12. Ein Protein, das einen Teil des LAV-Hüllproteins umfaßt, umfassend die Aminosäuresequenz von Fig. 7 von Isoleucin, Nr. 1 bis Threonin, Nr. 173, wobei das Protein mit Antikörpern gegen LAV immunologisch reaktionsfähig ist.

13. Ein nach einem der Ansprüche 6 oder 7 hergestelltes Protein zur Verwendung in einem Assay zur Bestimmung der Anwesenheit von Antikörpern gegen LAV in einer biologischen Flüssigkeit.

14. Ein nach einem der Ansprüche 6 oder 7 hergestelltes Protein zur Verwendung in einem Assay zur Bestimmung der Anwesenheit von LAV-Antigen in einer biologischen Flüssigkeit.

15. Ein nach einem der Ansprüche 6 oder 7 hergestelltes Protein zur Verwendung bei der Herstellung von Antikörpern gegen LAV.

16. Ein nach einem der Ansprüche 6 oder 7 hergestelltes Protein zur Verwendung als Arzneimittel.

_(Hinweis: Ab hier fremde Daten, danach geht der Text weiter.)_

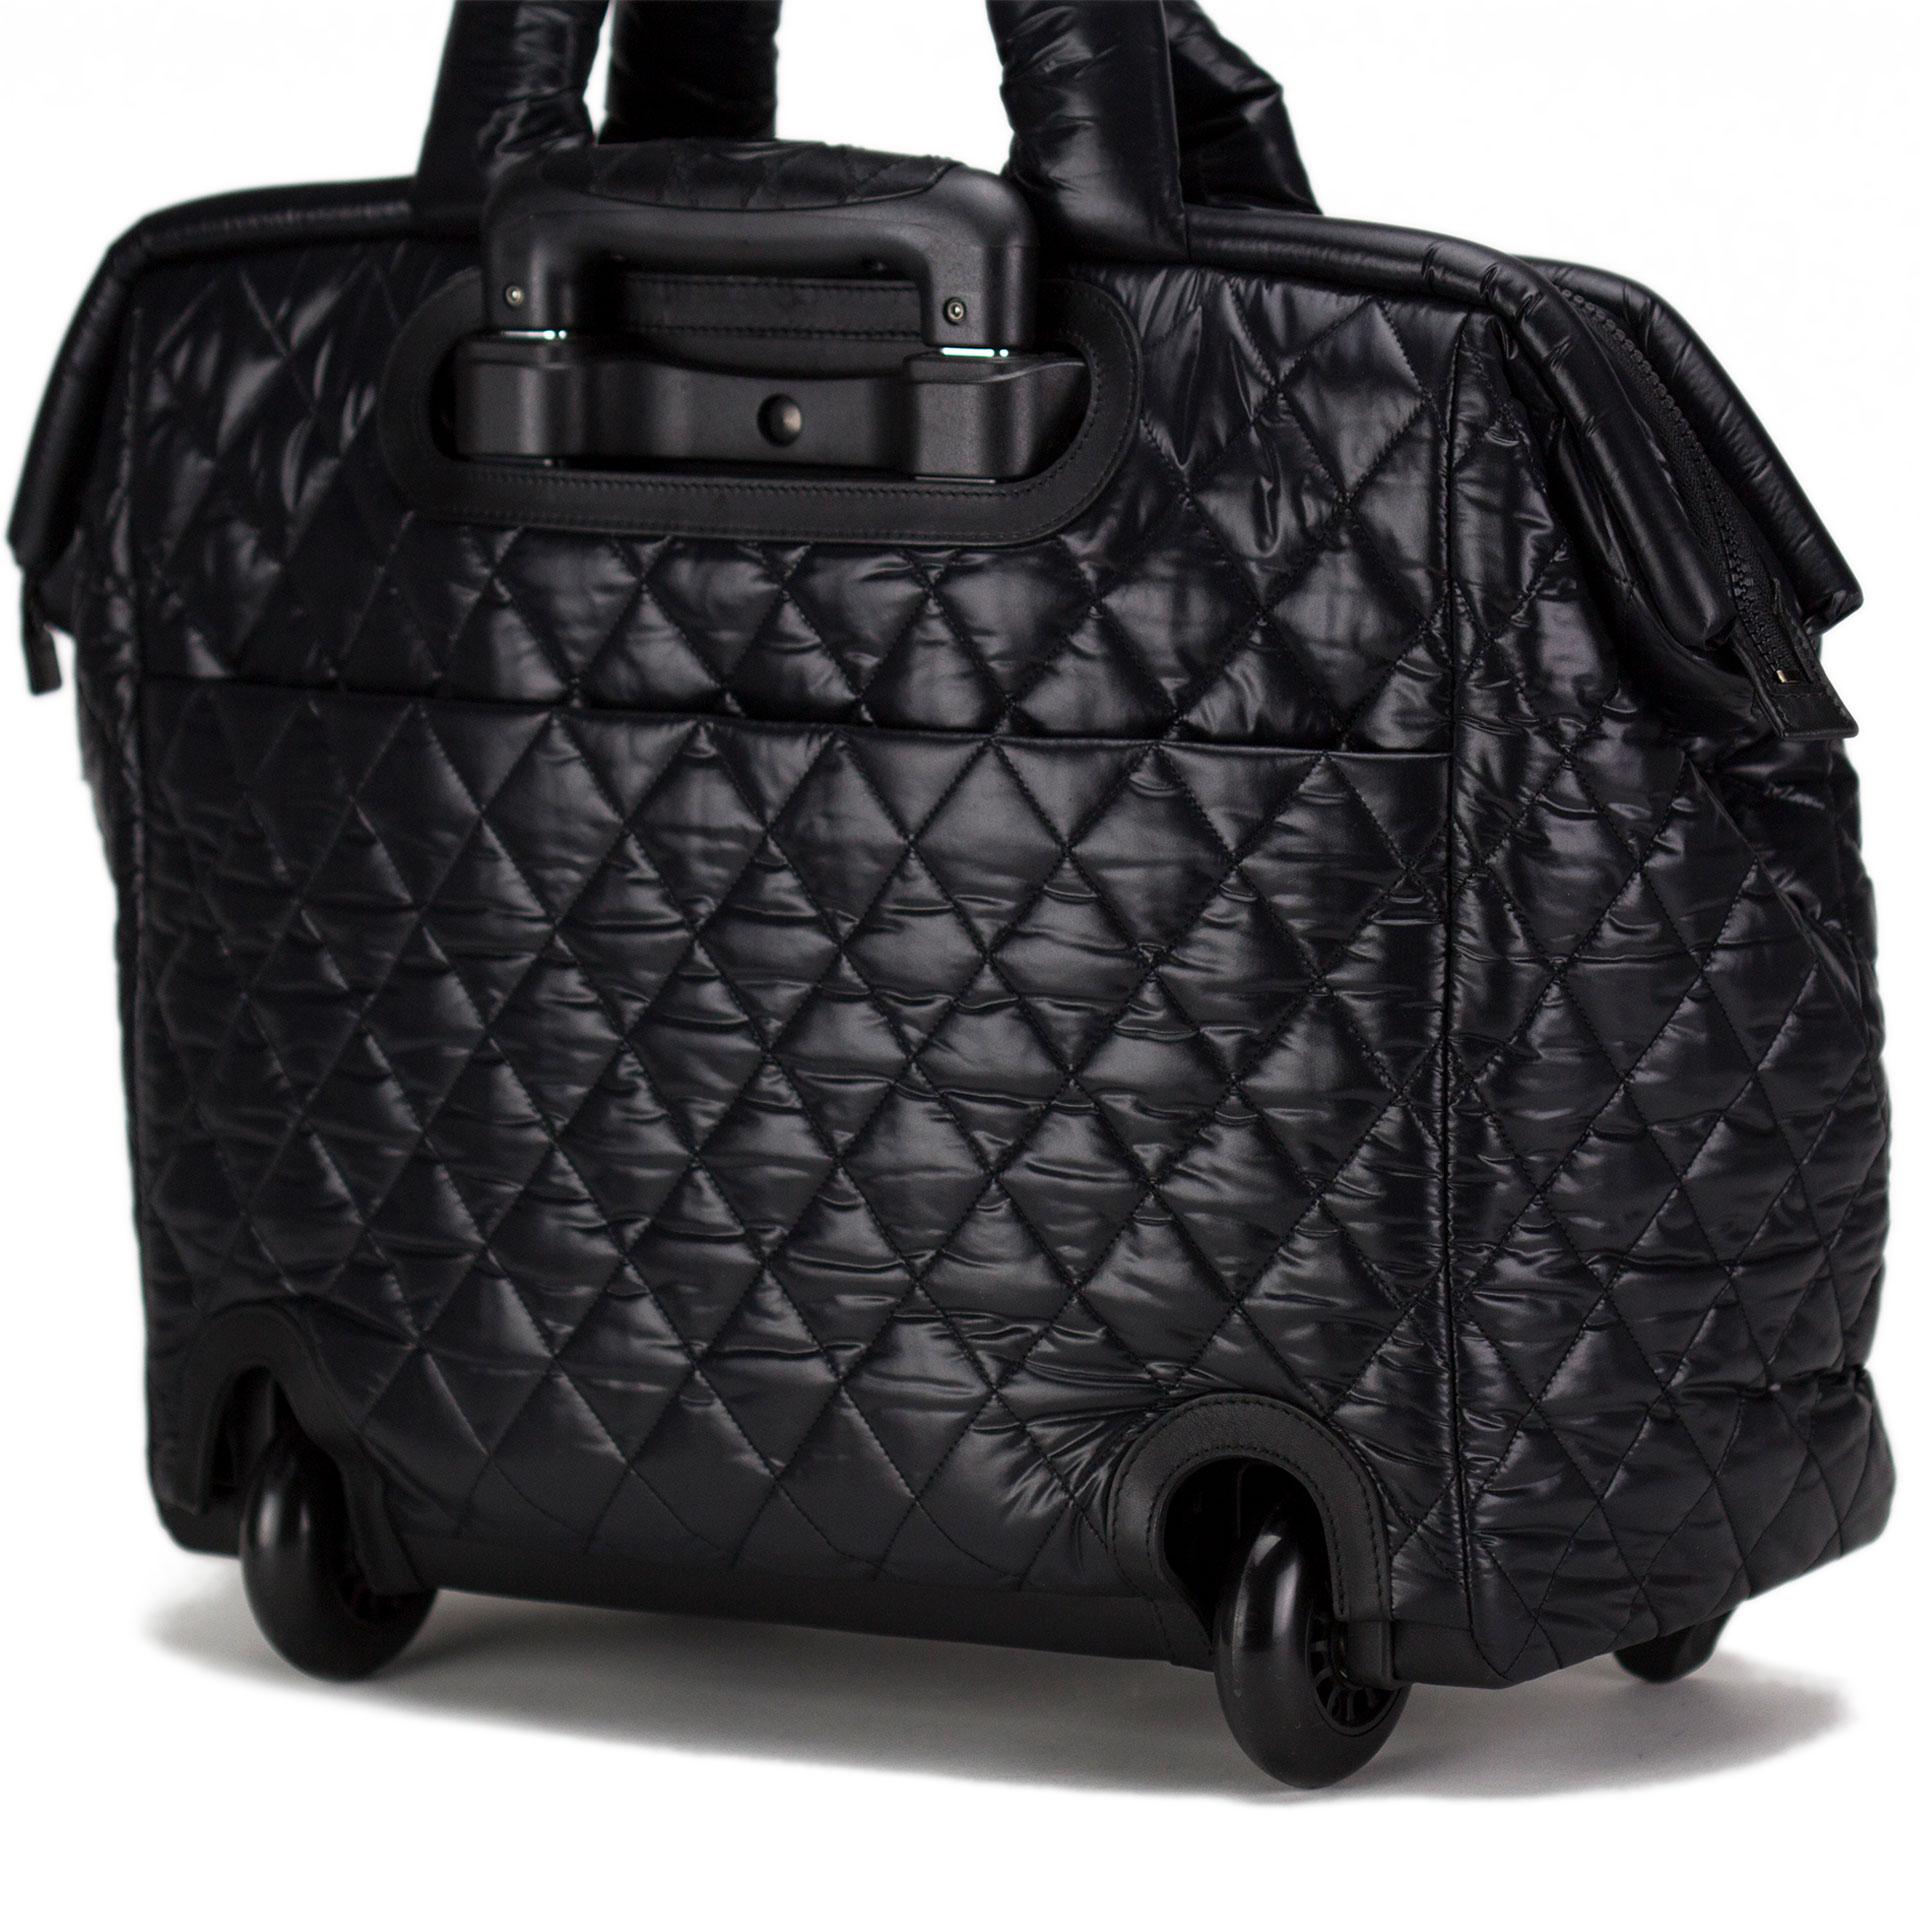 Chanel 2012 Coco Cocoon Quilted Case Carry On Trolley Travel Black Luggage Bag For Sale 1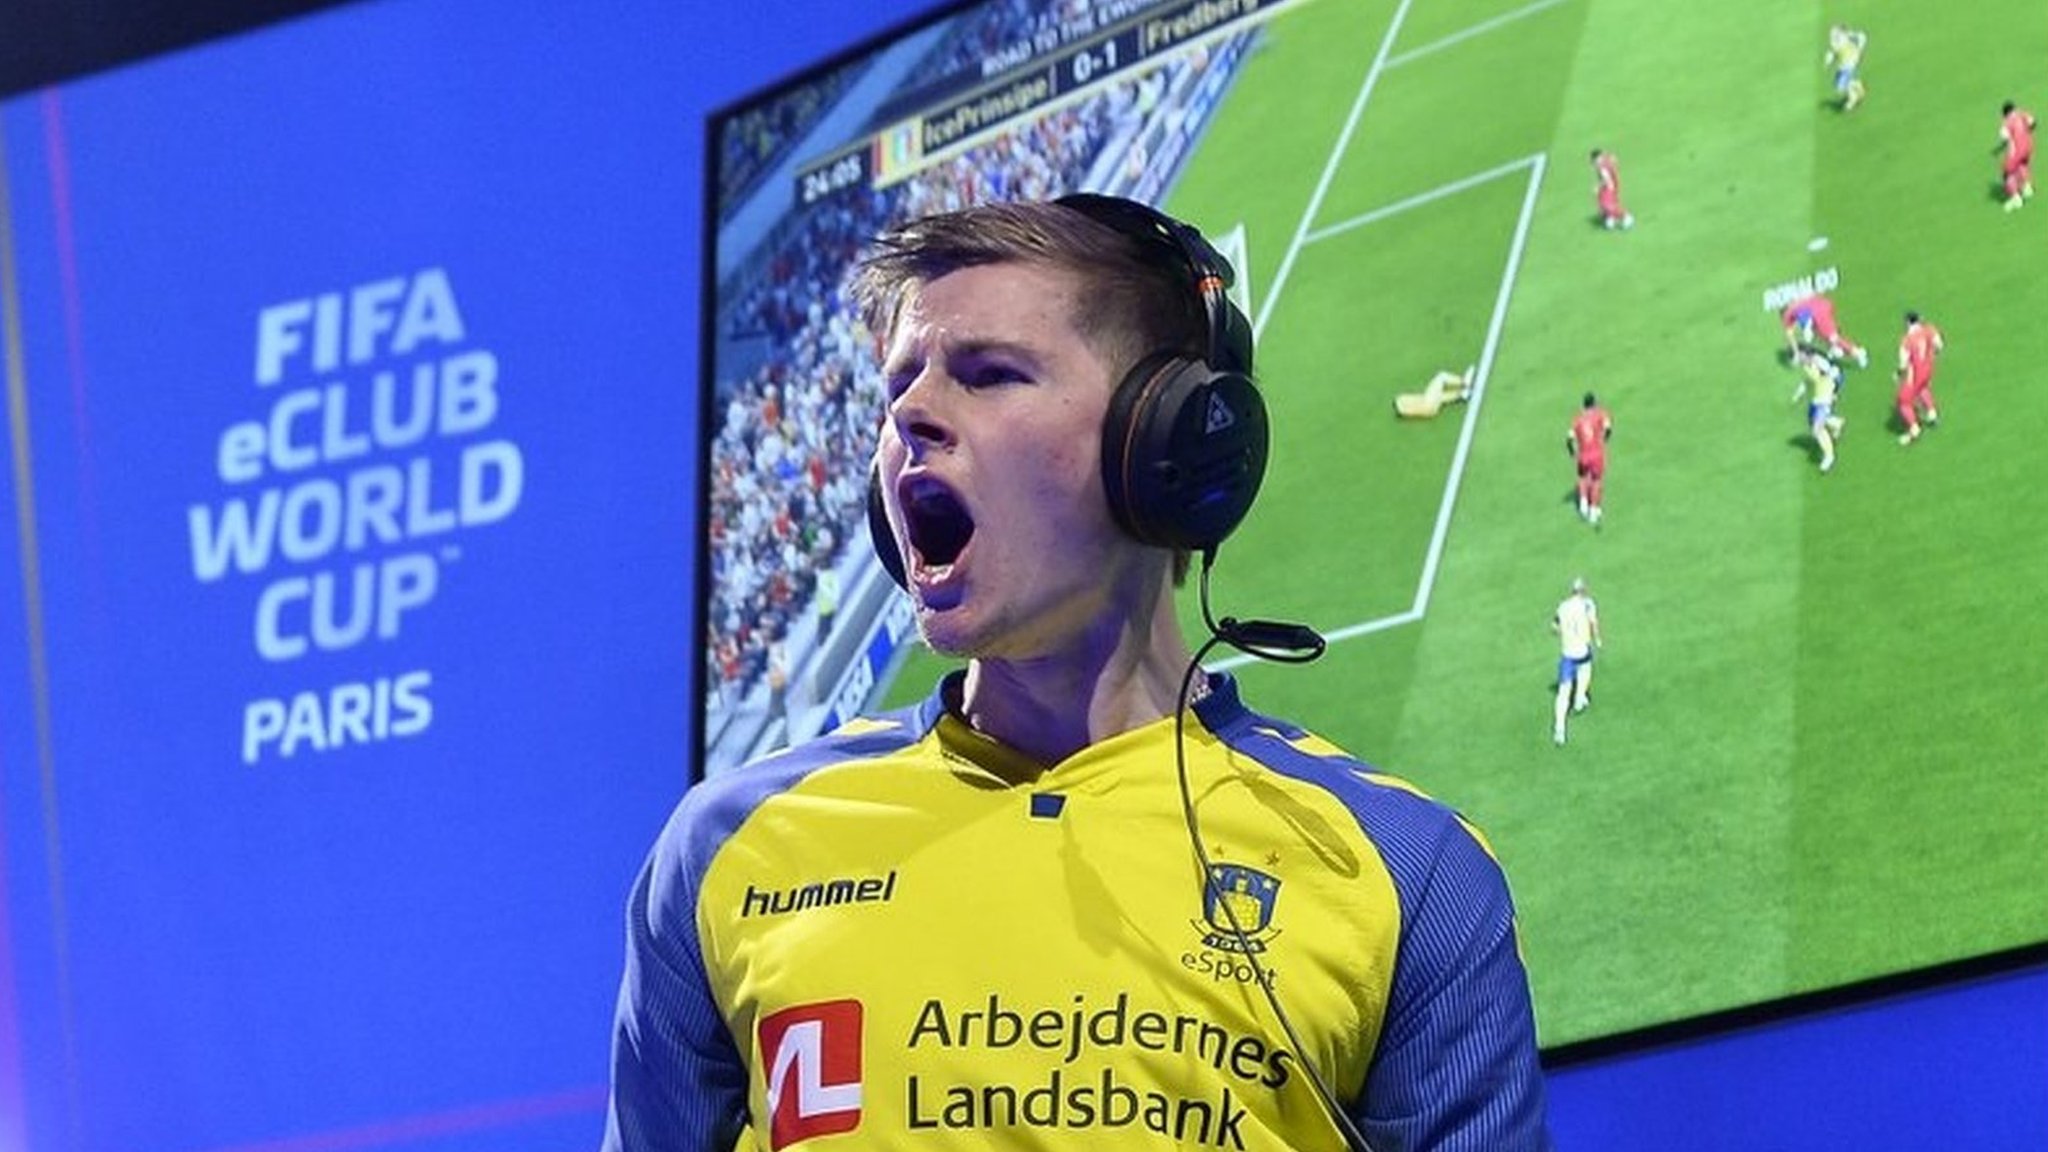 The Danish side conquering the esports world 18 months after they formed

17. Ein Protein, wie durch die DNA-Sequenz nach Anspruch 1 kodiert, zur Verwendung bei der Stimulierung des Immunsystems eines Individuums gegen eine Infektion, die durch das Virus, das für das Syndrom der erworbenen Immunschwäche verantwortlich ist, verursacht ist.